No woman will be made pregnant through the use of eggs from aborted foetuses unless the procedure is socially acceptable, said Professor Sir Colin Campbell of the Human Fertilisation and Embryology Authority. He was speaking at the launch of the authority's consultation document Donated Ovarian Tissue in Embryo Research & Assisted Conception.

It sets out the issues and provides five months for comment and debate before the authority makes recommendations. Anyone can send for a free copy of the report, and then write in with comments. The 18 members are predominately non-medical and include the actress Penelope Keith and the Bishop of Edinburgh.

Sir Colin said: 'There is potential here for many women to benefit from treatment that would otherwise might not be available to them. It would enable them to have children when they would otherwise remain childless.'

However, the authority recognised the 'repugnance' and 'alarm' people may feel.

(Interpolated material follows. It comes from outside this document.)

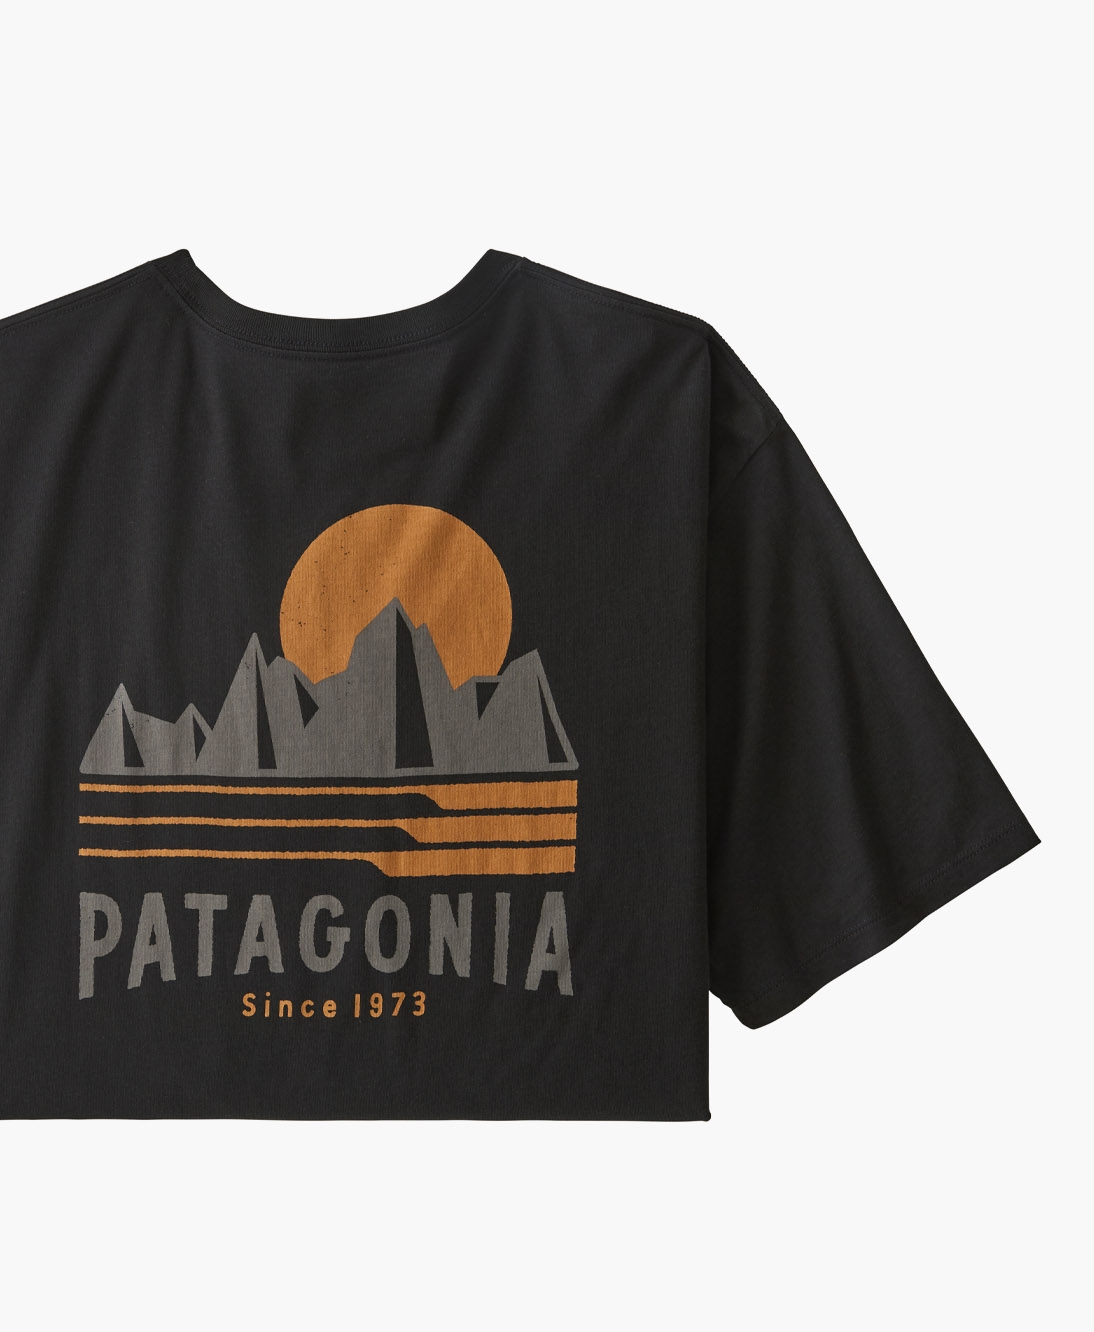 Patagonia - Tubes View Organic T-shirt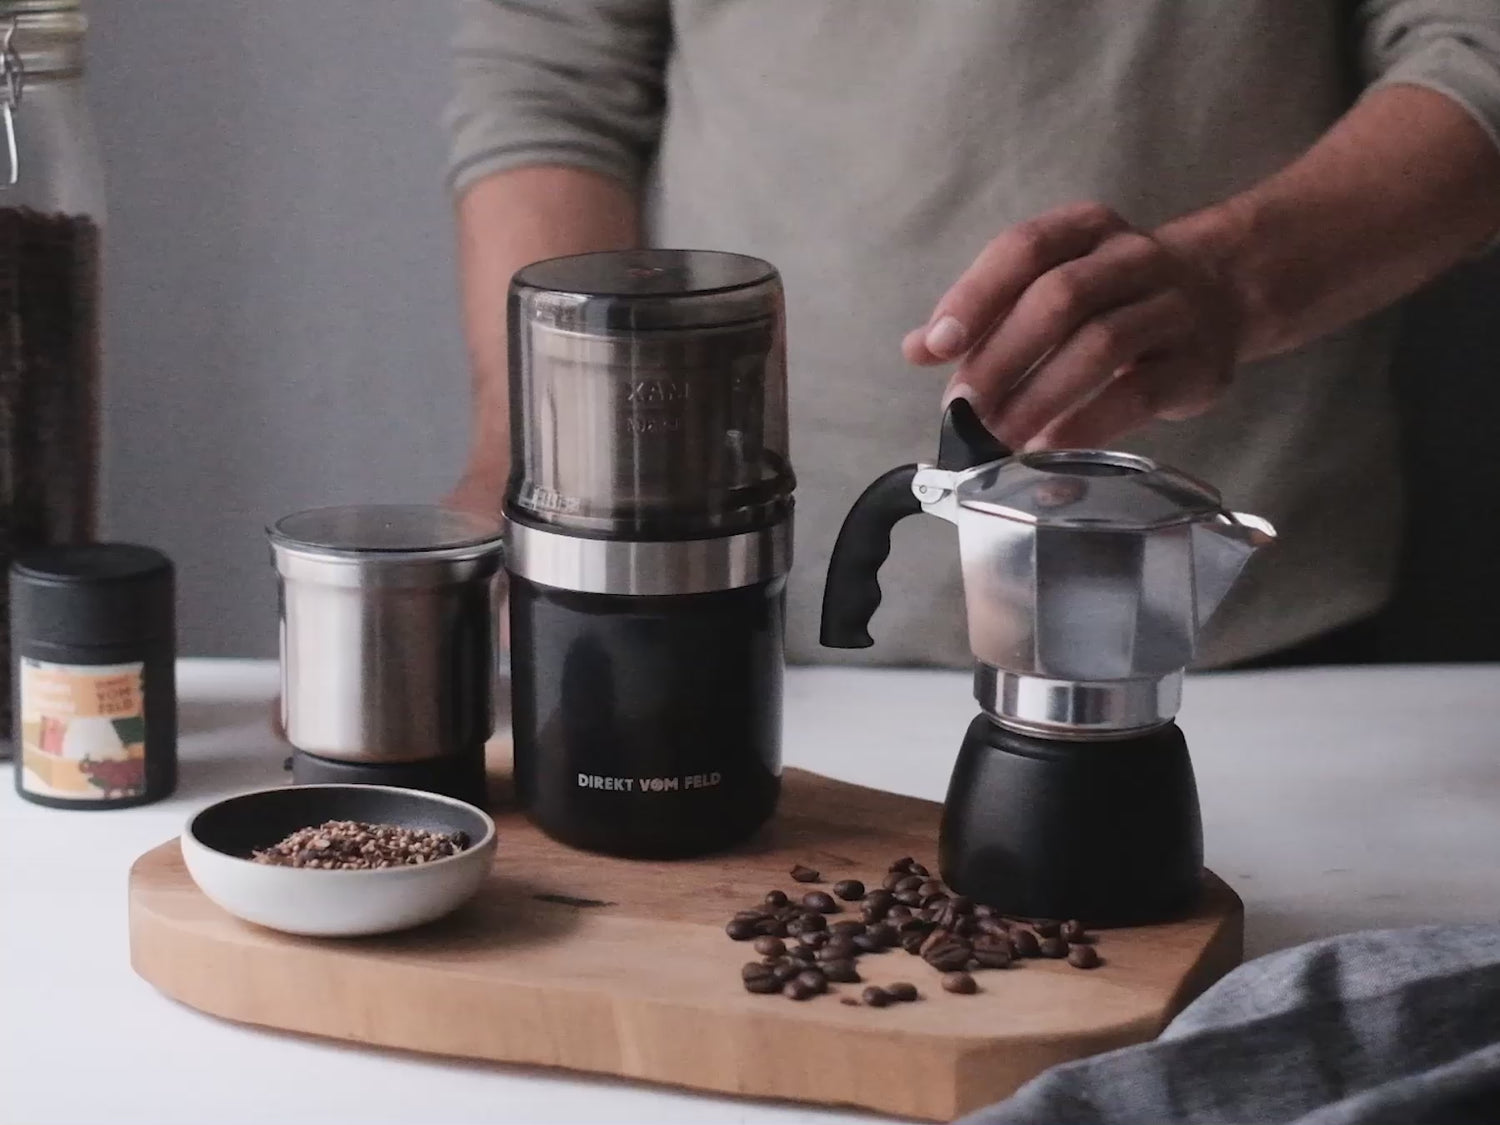 Anleitungsvideo der elektrischen Kaffee- & Gewürzmühle bei Zerkleinern von Gewürzen und Kaffee

Summarising the critical issues of the report, Sir Colin said the consideration that applies to an adult woman volunteering her ovarian tissue are different from concerns that tissue might be obtained from aborted foetuses.

He revealed that authority members had reacted with 'unease, distaste and surprise' when they heard about the potential treatment, 20 months ago. Since then their initial emotional reaction had given way to calmness and reflection. But he would not be drawn on revealing his opinion. It was up to society to decide and he looked forward to an open

debate.

The 10-page report deals with scientific issues, social and moral questions and consent. A decision on ovarian tissue from foetuses may turn on the problem of consent.

Virginia Bottomley, Secretary of State for Health, welcomed the document, saying: 'The consultation period will give the public and professional interests time to consider all aspects of this complex and sensitive area.'

Dawn Primarolo, for Labour, welcomed the 'level- headed' report.